Round 3. Having surveyed reviews coming out of last year’s Venice and Toronto festivals, and then wrestled up a second batch when the film opened in the U.K., I can now report that, as it arrives in stateside theaters, Terrence Malick’s To the Wonder is no closer to forging a consensus. J. Hoberman, writing at Artinfo, finds it “so unabashedly maudlin and vulnerable that it’s difficult to generate much animus. The movie may be a two-ton gossamer web, but it’s spun from gossamer none the less.” But the New Yorker‘s Richard Brody argues that “Malick has directed another love story that deserves to endure as an artistic landmark, a love story that, in an age of radical cinema, redefines the very idea of a love story, while remaining faithful to the high line of movie tradition.”
It is, of course, famously, the last movie Roger Ebert reviewed (thumb most definitely up). And it’s the first subject of Variety‘s new “3-View” column in which “our trio of top critics take on divisive pics from conflicting angles.” For Scott Foundas, “this is the first Malick movie since Badlands in which ordinary human problems loom as large as the moon and stars,” but for Peter Debruge, it’s the sort of movie “that reveals the flaws of the masterpiece that preceded it.” And Justin Chang asks, “Skeptic or true believer, has any director done more to advance the simple notion that God is love?”
But let’s back up. “The story, such as it is,” explains Max Nelson in Film Comment, “concerns an American man whose unspecified job involves unrolling blueprints at muddy development sites, and the French woman he takes back home, stubbornly refuses to marry, loses, reclaims, weds, and abandons—and with whom he is finally, undeservingly reunited. He is played by Ben Affleck, who does very little and does it quite well, and she by Olga Kurylenko, an exceptionally gorgeous woman transformed under Emmanuel Lubezki’s worshipful lighting into an impossibly gorgeous one.
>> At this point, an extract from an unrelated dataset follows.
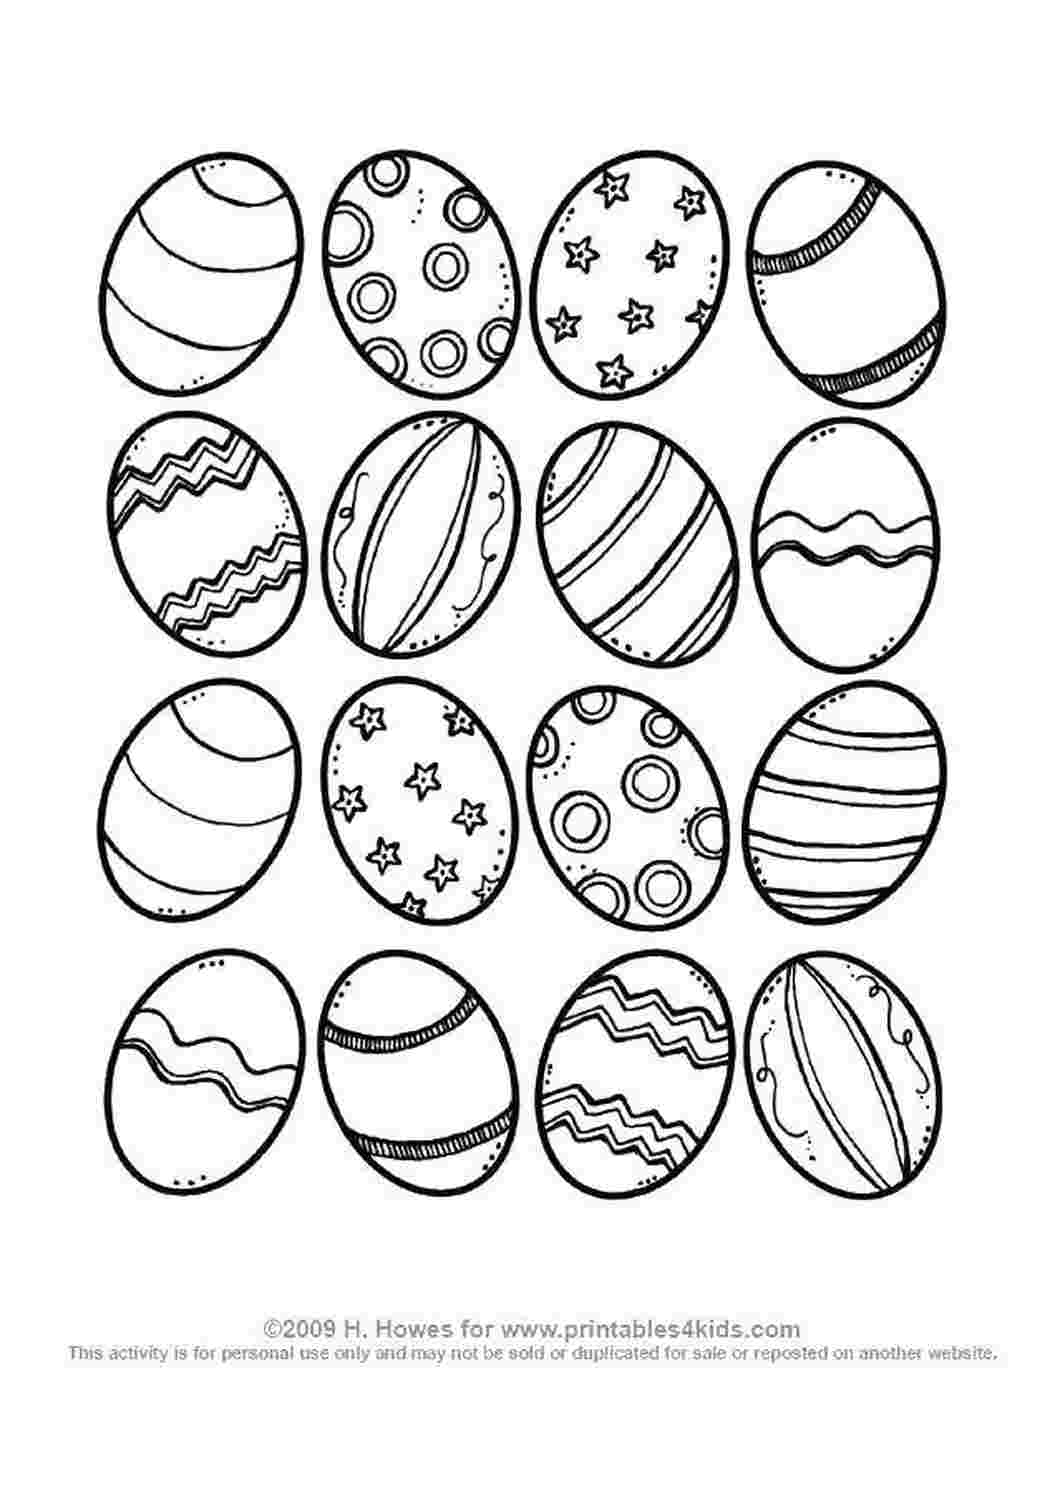 Раскраски Пасхальные яички с красивыми узорчиками Узоры для раскрашивания яиц Пасха, яйца, узоры

The couple dance through the streets of Paris and the supermarkets of American suburbia, raise their arms to sunset-drenched skies, make love, turn on one another, drift through doorframes, and keep dancing, as Malick’s camera swoops, arcs, curves, bends, and dives around them. It is all excessive, glorious, overbearing, sexy, and deeply exhausting.”
“As Kurylenko and Affleck drift away from each other,” writes Scott Tobias at the AV Club, “the latter into the arms of an old flame (Rachel McAdams), Malick cuts away to the tangentially related journey of disillusioned priest Javier Bardem, who has a harder time than his parishioners in communing with God. His vocation brings him into the homes of the poor and the wretched, and it shakes his faith—at least insofar as he ever had any. Bardem shares a scene or two with Affleck, but mainly just to establish them as occupying the same cinematic universe. He exists more as the roving conscience of the film, like the crumbling bridge between man and transcendence. Bardem’s dilemma is the central one in To the Wonder, and Malick does his best to make it ours, too.”
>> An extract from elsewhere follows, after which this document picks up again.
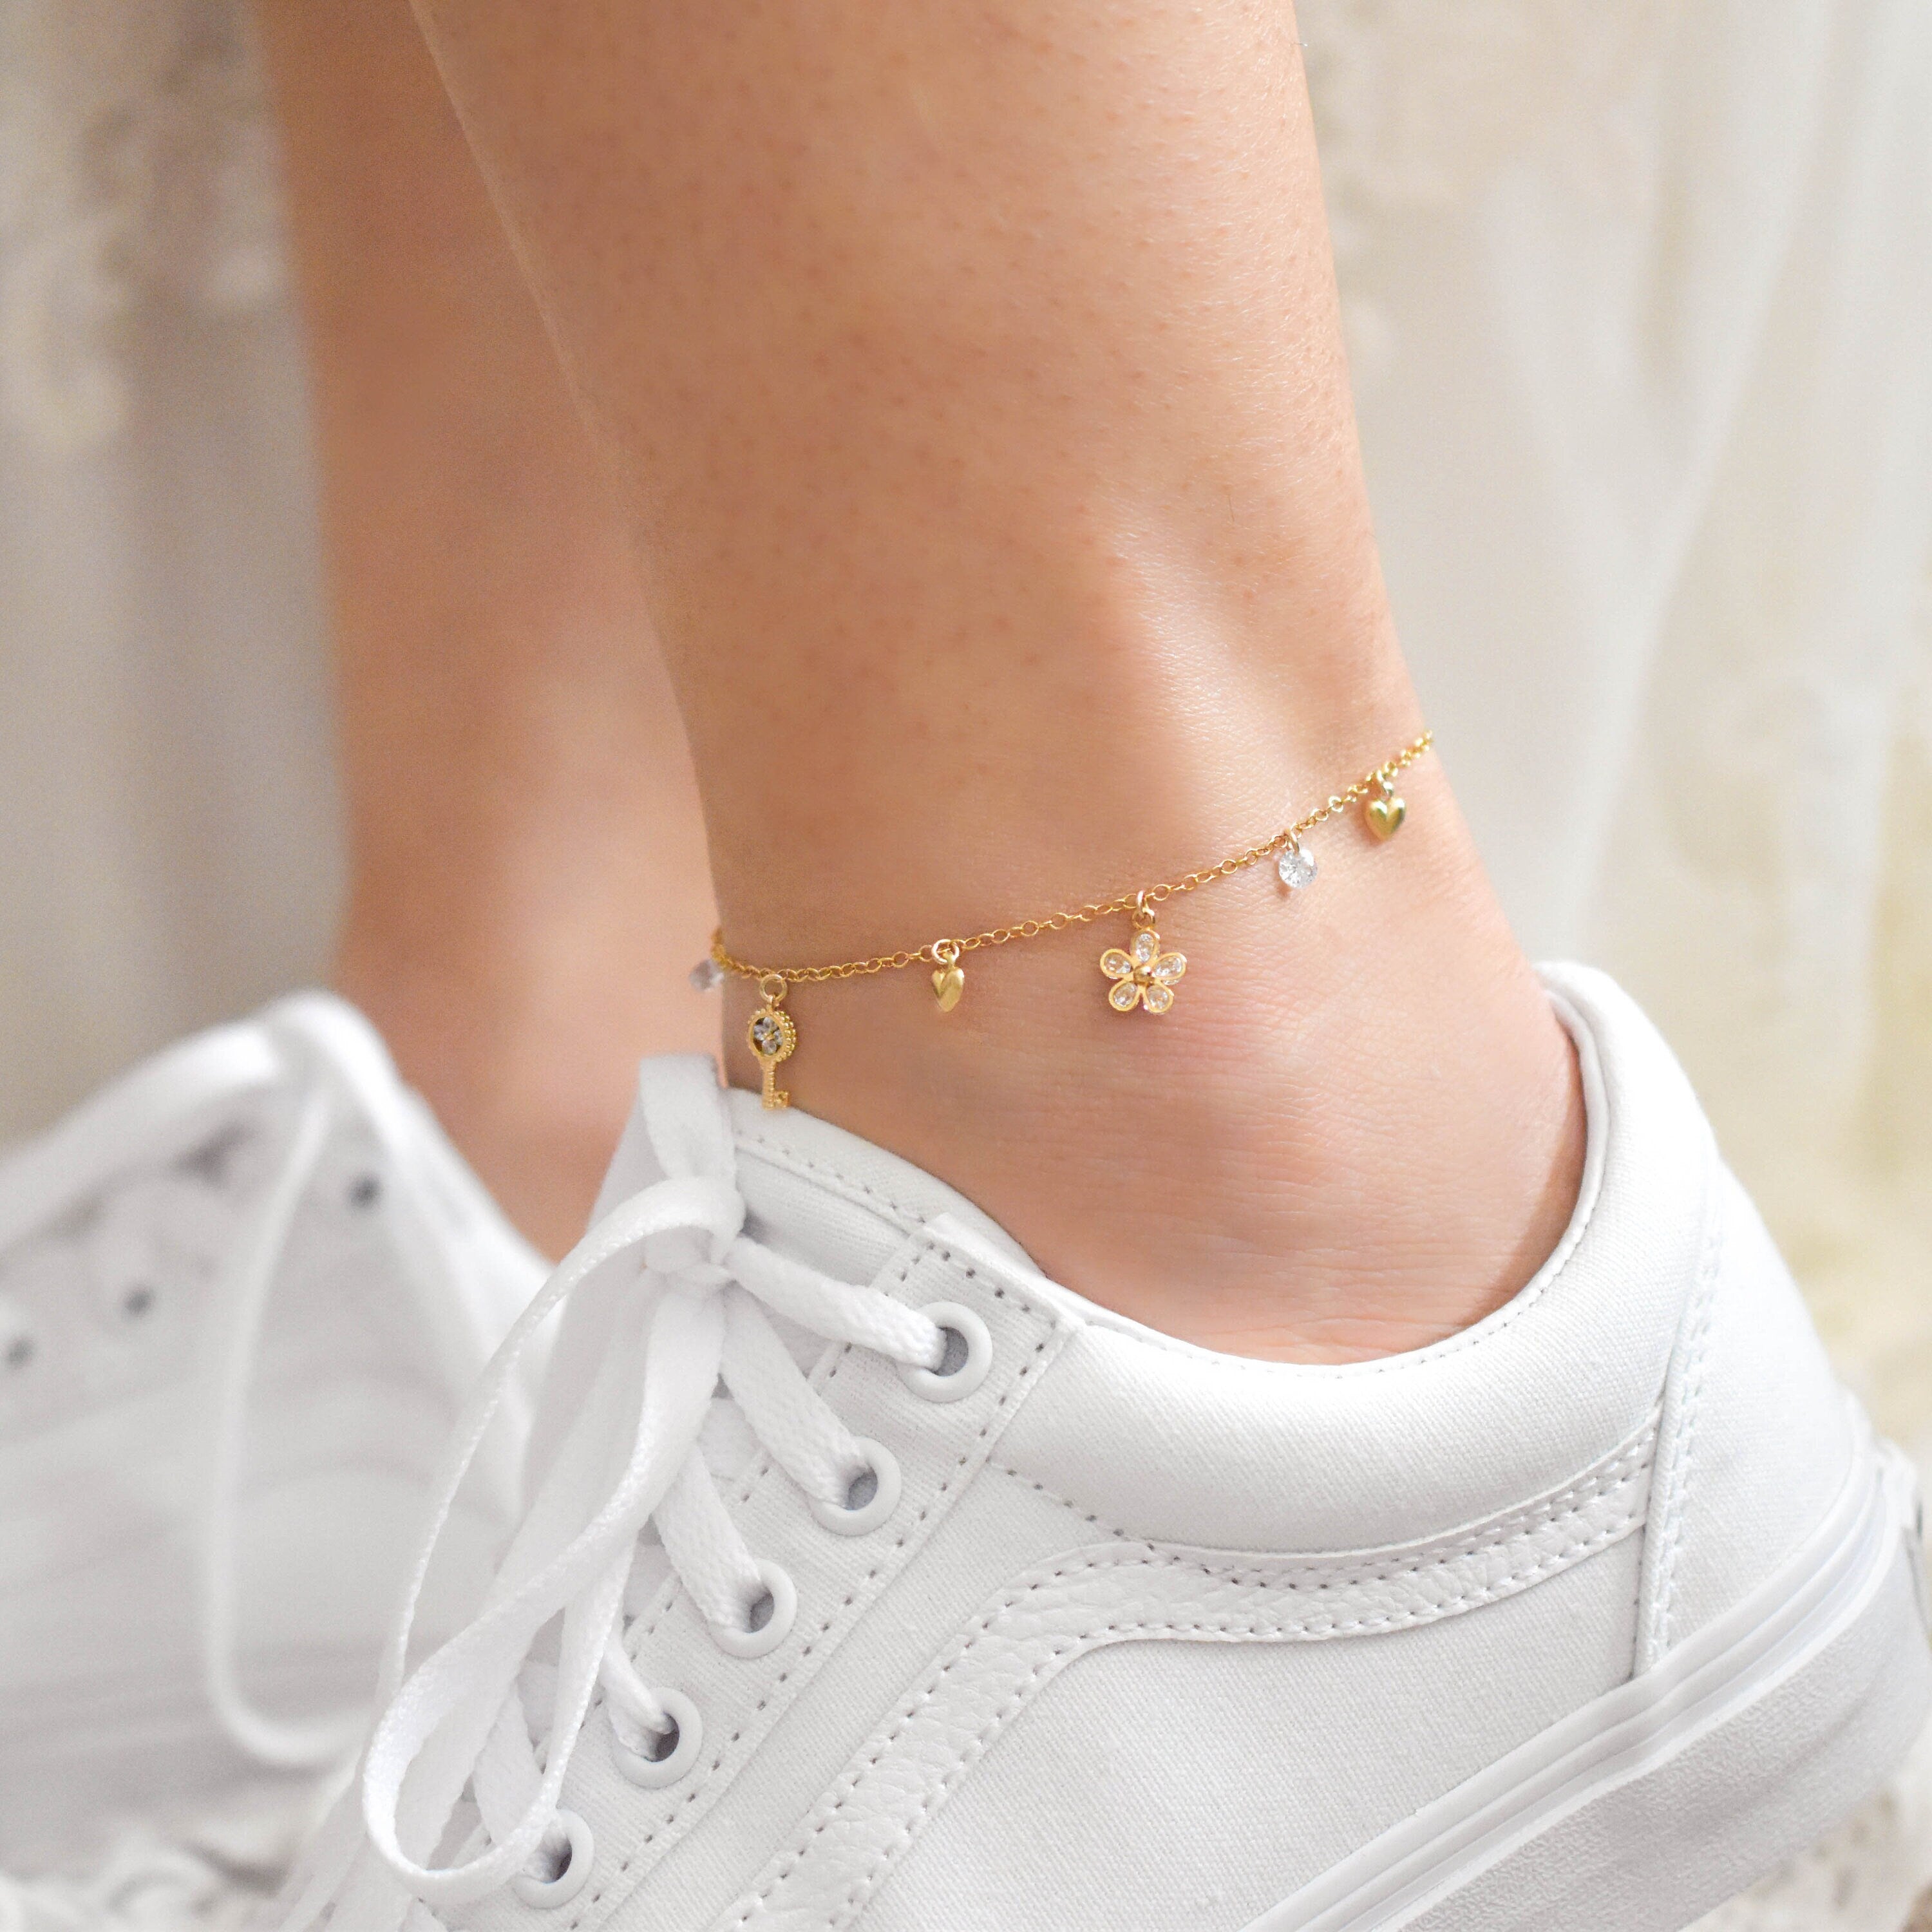 Sparkly Charm Anklet - gold filled anklet, charm anklet, pretty anklet, cute anklet, flower anklet, ankle bracelet, gold anklet |GFA00001

“Throughout To the Wonder, the new and old are incessantly twinned, blurred into a package that suggests an experimental dance piece,” writes Slant‘s Ed Gonzalez. “The film’s themes—among them the panic of the spirit, the precariousness of land and human interaction—are familiar sermons for Malick, and given his propensity toward religious sentiment, that shouldn’t be read as insult, especially to parishioners of the Church of Terrence Malick. But To the Wonder, which is cut from an aesthetic cloth far wilder in construction than The Tree of Life‘s, is close to folly, an undisciplined doodle lush with big ideas, but dully imitative of Malick’s previous high notes and cringingly reductive of immigrant experience. To say so feels like a confession, but doubt, in the words of German-American theologian Paul Tillich, ‘isn’t the opposite of faith; it is an element of faith.'”
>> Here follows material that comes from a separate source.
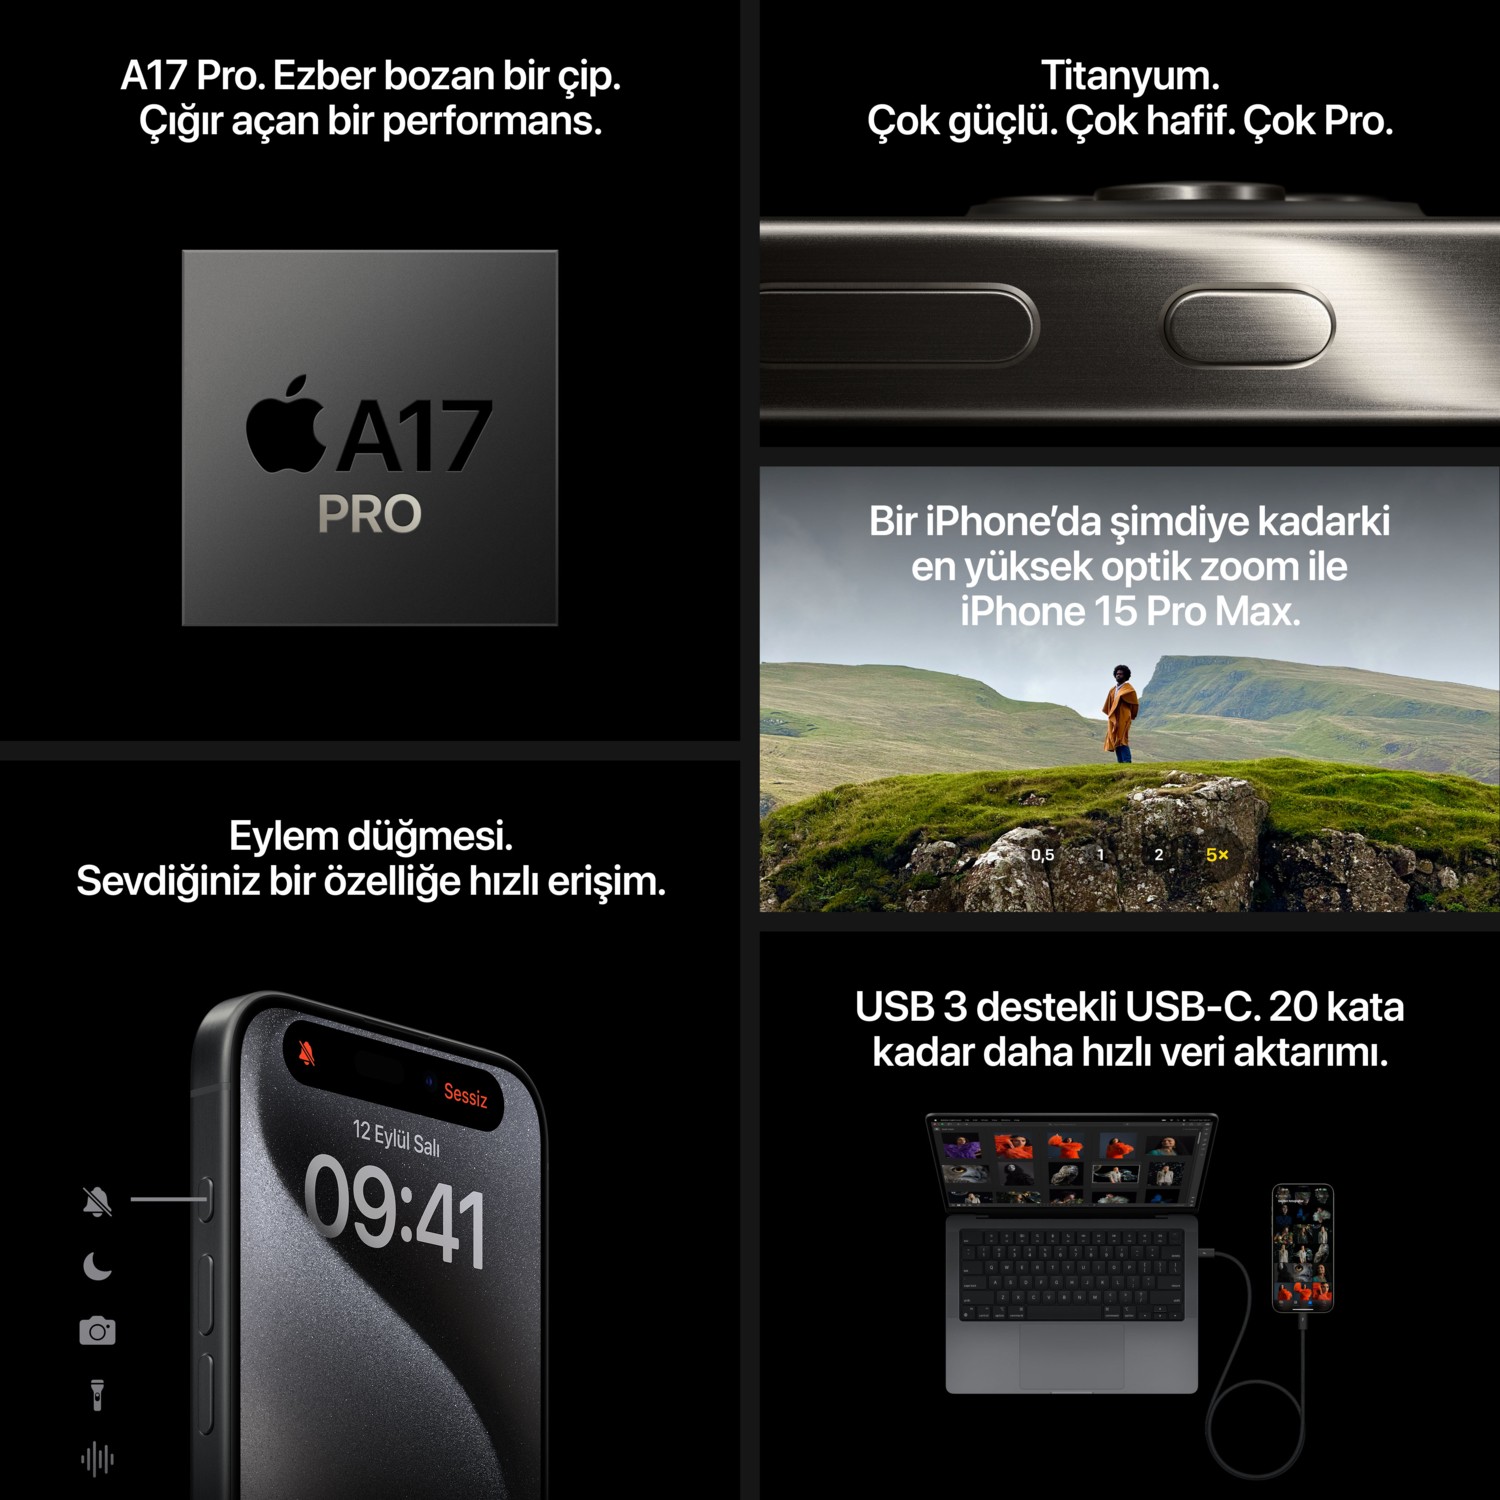 iPhone 15 Pro 1 Tb

Michael Koresky in Reverse Shot: “Minus the grand narrative or thematic hooks of his recent work (World War II in The Thin Red Line; American history and myth in The New World; the creation of the universe in The Tree of Life), To the Wonder nevertheless feels as momentous as them—simply by being, by watching, by moving and cutting and floating and wandering it makes an alien space of our world. And as is always true, we cannot make sense of this world unless we are privileged to take on another’s perspective of it. One could say this is Malick’s philosophical project. In this sense, his cinema is a grand empathetic gesture.”
“And the politics?” asks Time‘s Richard Corliss. “Bartlesville [Oklahoma, “where he grew up, and where his geologist father examined oil spills, as the Affleck character does”] is an oil-dependent community facing inundation by the same tar-sands crude seepage that recently forced the evacuation of 21 homes in Mayflower, Ark., 150 miles to the east. As a Bartlesville resident says, ‘Sometimes we see tar comin’ out the cracks in the patio.’ Shot four years ago, To the Wonder can be seen as a ripped-from-the-headlines screed against the Keystone pipeline and, in grander terms, America’s oil addiction. Be warned: the central romance and plea for environmental caretaking simply provide the scaffolding for a modernist symphony of enigmatic figures and pristine nature, as captured by Emmanuel Lubezki’s ever gliding Steadicam. To the Wonder pushes cinematic experiment to a degree not previously attempted by Malick—or, really, by anyone working in narrative cinema. It’s a sound and light show of the most challenging and rewarding kind.”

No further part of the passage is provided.